I can't remember the last time I logged into that box so if it's
something in the buildenv, it's either caused by a Windows update,

Re-reading the thread ... could that last point be significant? Are
all four of these boxen set to auto-accept updates from Redmond?

regards, tom lane

#10Andrew Dunstan
andrew@dunslane.net
In reply to: Tom Lane (#8)
Re: Oops - BF:Mastodon just died

Tom Lane wrote:

* Has the buildfarm script changed recently in a way that might change
the execution PATH and thereby suck in a different version of dumpbin?
(Or even a different version of Perl?)

No. In at least the case of red_bat nothing has changed for months.

* Is it conceivable that dumpbin's output format has changed in a way
that confuses the bit of Perl code that's parsing it? One idea that
comes to mind is that it contains a timestamp that just got wider ---
I remember seeing some bugs like that when the value of Unix time_t
reached 1 billion and became 9 instead of 8 digits.

Neither of these sound very plausible, but it seems the next step for
investigation is to look closely at what's happening in gendef.pl.

Right. I agree that your diff makes gendef.pl the prime suspect.

Yoo also just said:

"Dave Page" <dpage@postgresql.org> writes:

I can't remember the last time I logged into that box so if it's
something in the buildenv, it's either caused by a Windows update,

Re-reading the thread ... could that last point be significant? Are
all four of these boxen set to auto-accept updates from Redmond?

No. red_bat does not auto-accept anything.

cheers

andrew

#11Andrew Dunstan
andrew@dunslane.net
In reply to: Tom Lane (#8)
Re: Oops - BF:Mastodon just died

Tom Lane wrote:

Neither of these sound very plausible, but it seems the next step for
investigation is to look closely at what's happening in gendef.pl.

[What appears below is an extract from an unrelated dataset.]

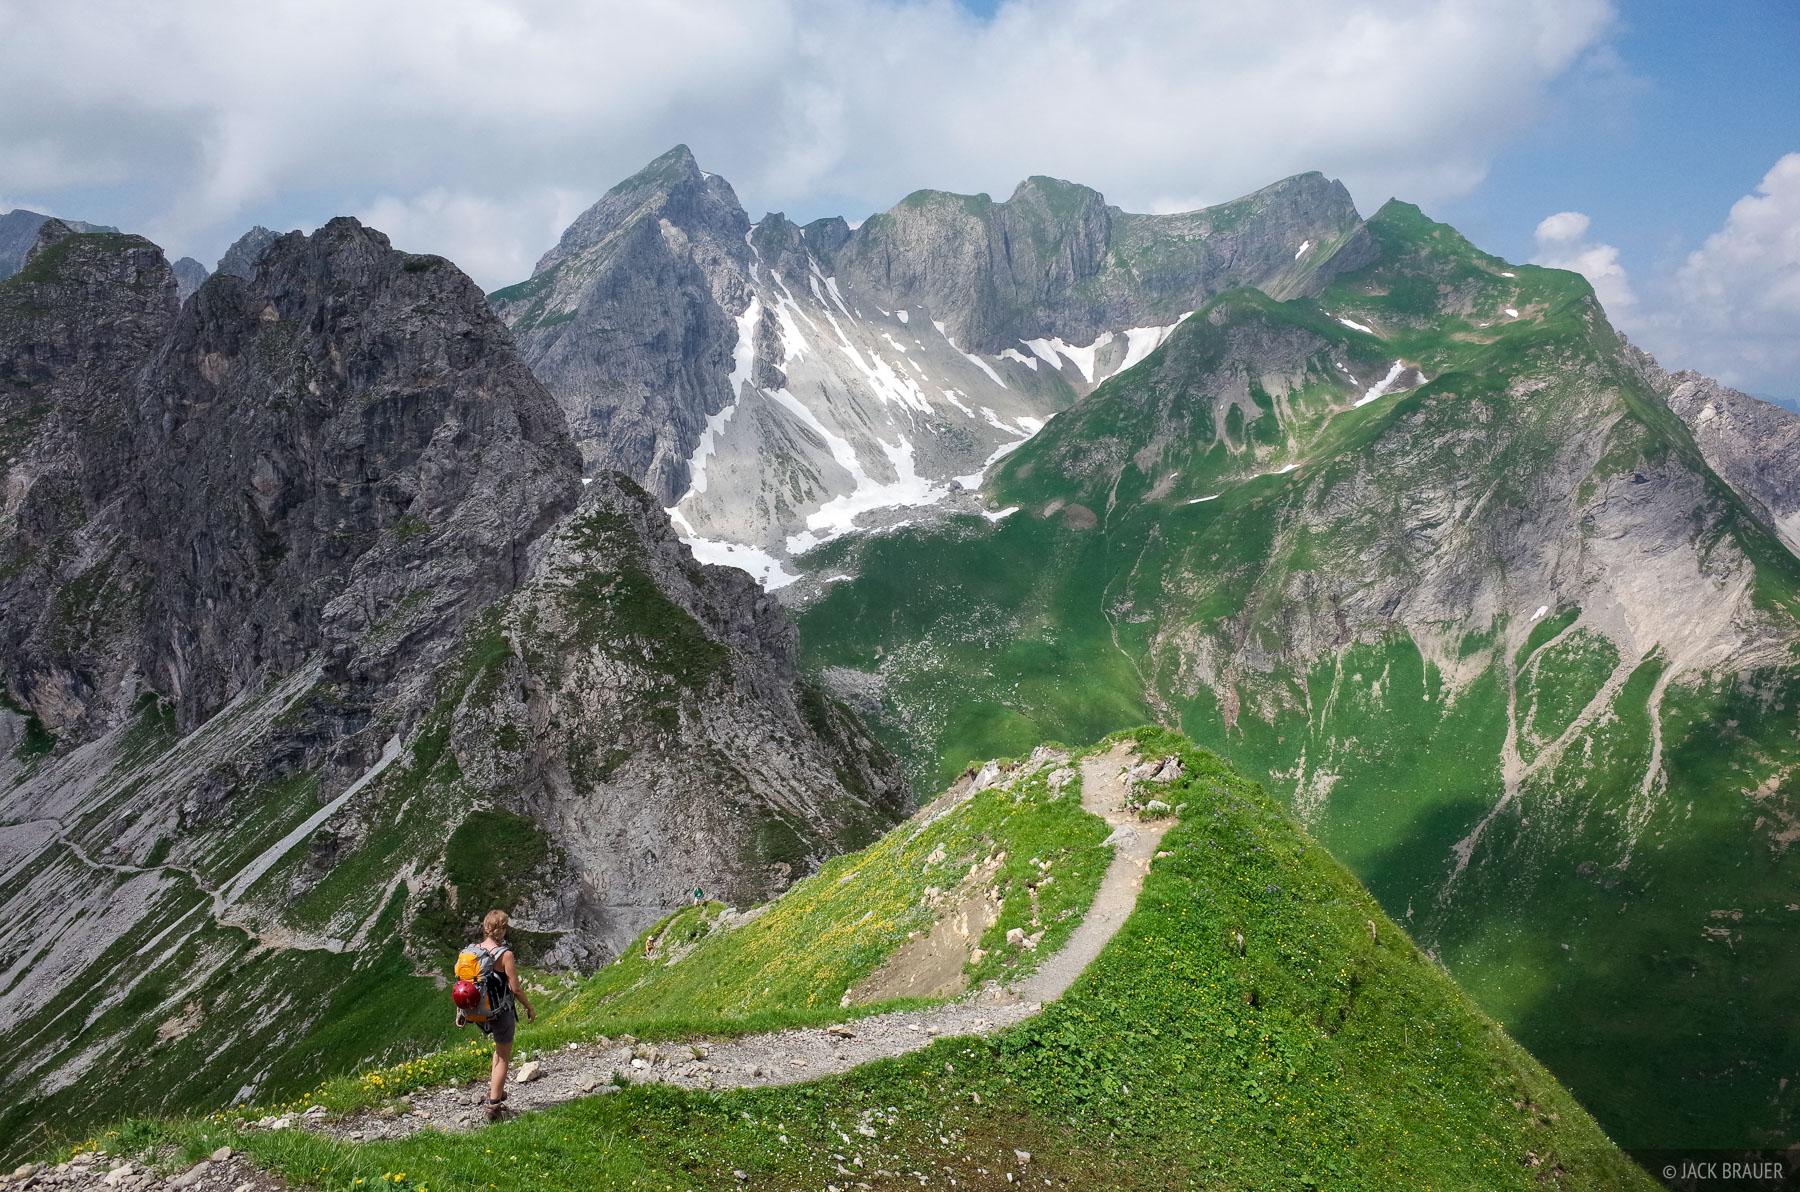 Allgäuer Alps, Germany, Mindelheimer, Klettersteig, Alps, photo

Yes, I have found the problem. It is this line, which I am amazed hasn't
bitten us before:

next unless /^\d/;

The first field in the dumpbin output looks like a 3 digit hex number.
The line on my system for GetConfigOptionByName starts with 'A02' which
of course fails the test above.

For now I'm going try to fix it by changing it to:

next unless $pieces[0] =~/^[A-F0-9]{3}$/;

I also propose to have the gendefs.pl script save the dumpbin output so
this sort of problem will be easier to debug.

cheers

andrew

#12Tom Lane
tgl@sss.pgh.pa.us
In reply to: Andrew Dunstan (#11)
Re: Oops - BF:Mastodon just died

Andrew Dunstan <andrew@dunslane.net> writes:

Yes, I have found the problem. It is this line, which I am amazed hasn't
bitten us before:
next unless /^\d/;
The first field in the dumpbin output looks like a 3 digit hex number.

Argh, so it was crossing a power-of-2 boundary that got us. Good catch.

For now I'm going try to fix it by changing it to:
next unless $pieces[0] =~/^[A-F0-9]{3}$/;

Check.

I also propose to have the gendefs.pl script save the dumpbin output so
this sort of problem will be easier to debug.

Agreed, but I suggest waiting till 8.4 is branched unless you are really
sure about this addition. We freeze for 8.3.0 in less than 24 hours.

regards, tom lane

#13Dave Page
dpage@postgresql.org
In reply to: Andrew Dunstan (#10)
Re: Oops - BF:Mastodon just died

On Jan 31, 2008 1:33 AM, Andrew Dunstan <andrew@dunslane.net> wrote:

Re-reading the thread ... could that last point be significant? Are
all four of these boxen set to auto-accept updates from Redmond?

No. red_bat does not auto-accept anything.

For future reference, my BF members do auto-accept updates (though
they only reboot if I tell them to). It seems like having red_bat do
the opposite provides a useful baseline for tracking down future
issues.

I wonder if it would be worth adding a notes field to the BF so we can
record this sort of detail...

/D

#14Magnus Hagander
magnus@hagander.net
In reply to: Dave Page (#13)
Re: Oops - BF:Mastodon just died

On Thu, Jan 31, 2008 at 08:28:21AM +0000, Dave Page wrote:

On Jan 31, 2008 1:33 AM, Andrew Dunstan <andrew@dunslane.net> wrote:

Re-reading the thread ... could that last point be significant? Are
all four of these boxen set to auto-accept updates from Redmond?

No. red_bat does not auto-accept anything.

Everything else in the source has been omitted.